Speaking to students Thursday, Mr. Gilani said writing the letter would be a violation of Pakistan's constitution, amounting to treason, a crime that carries the death penalty.

The prime minister said that if he does not write the letter, he faces a six-month jail term for contempt.

Last week, Pakistan's Supreme Court asked Mr. Gilani to personally write Swiss authorities to reopen an old corruption case against the president.

In February, the court charged Mr. Gilani with contempt for defying its order that he reopen the case. That made the prime minister Pakistan's first chief executive to be indicted while in office.

Mr. Gilani pleaded not guilty and vowed to contest the charges. If convicted, he could lose his job as well as face time in prison.

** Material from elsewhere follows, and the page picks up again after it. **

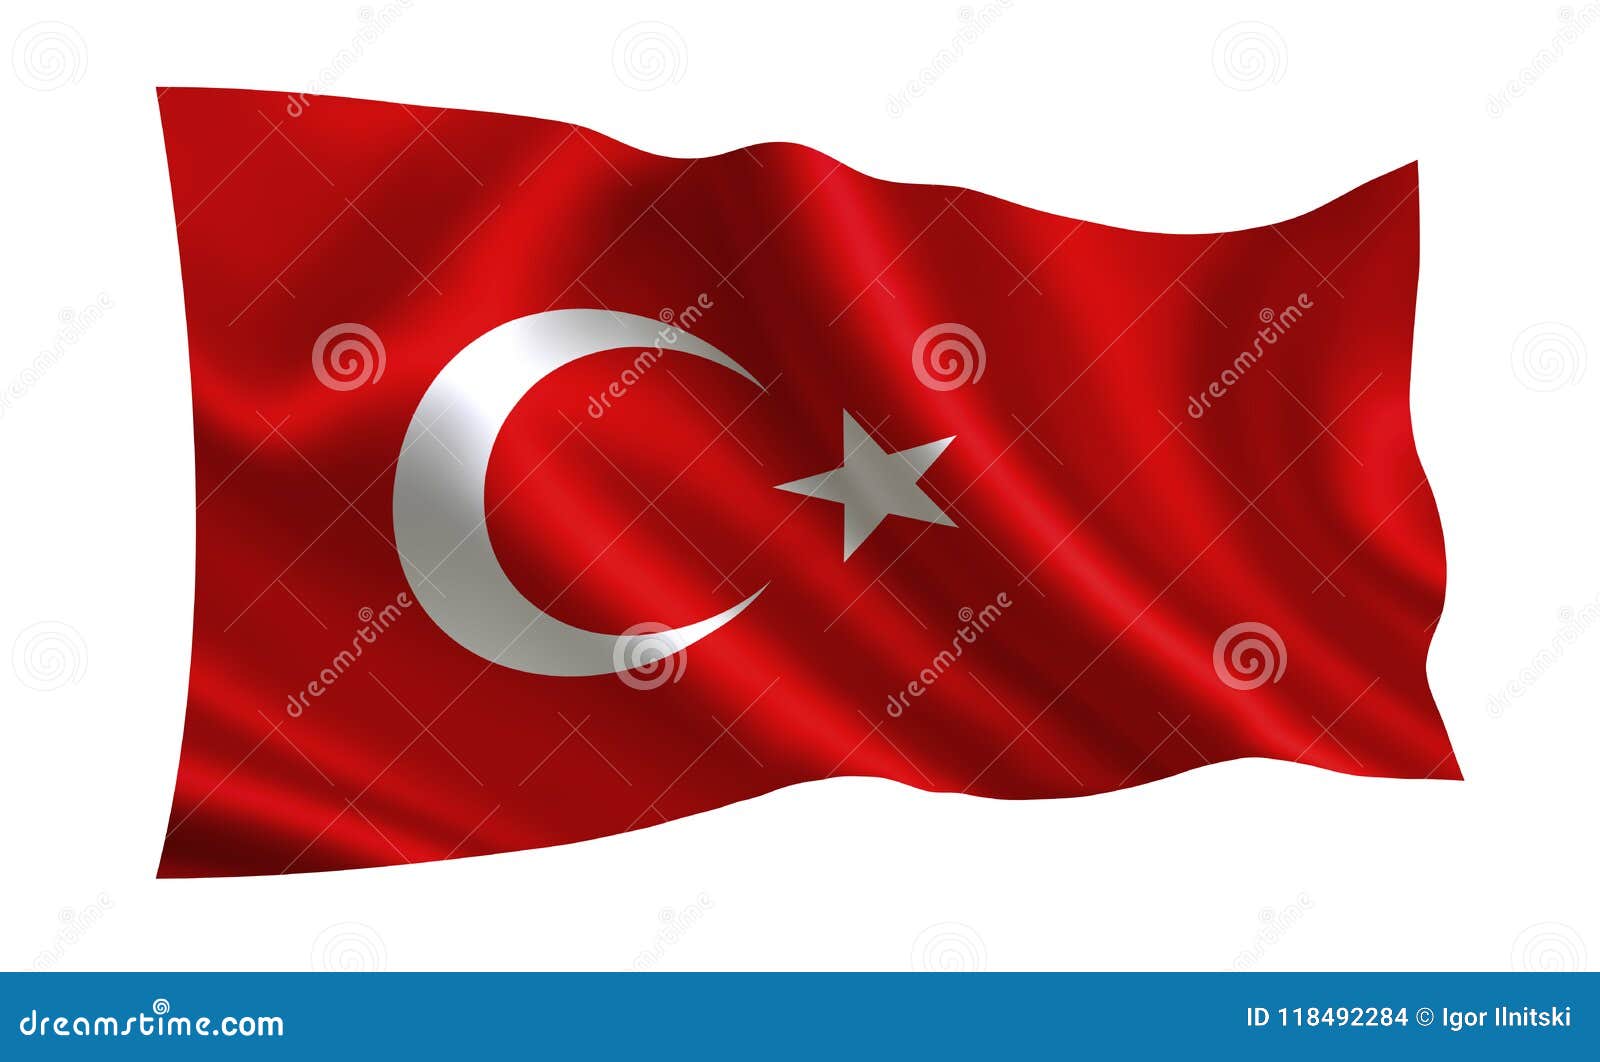 Сколько звезд на флаге турции. Символика Турции. Символ Турции животное. Знаки АХСК турков. Турки знак в шатре.

In December 2009, the Supreme Court struck down a controversial amnesty law passed under the former president Pervez Musharraf that nullified corruption charges against thousands of politicians, including the president, dating back to the 1990s. The court ordered Mr. Gilani's coalition government to revive all the cases within Pakistan and to write a letter to Swiss authorities to do the same.

Prosecutors accuse Mr. Zardari, former Prime Minister Benazir Bhutto and others of laundering millions of dollars through Swiss bank accounts. Ms. Bhutto, President Zardari's wife, was assassinated in 2007.

Mr. Zardari has denied the allegations and Prime Minister Gilani has refused to cooperate, arguing that the president has legal immunity while in office.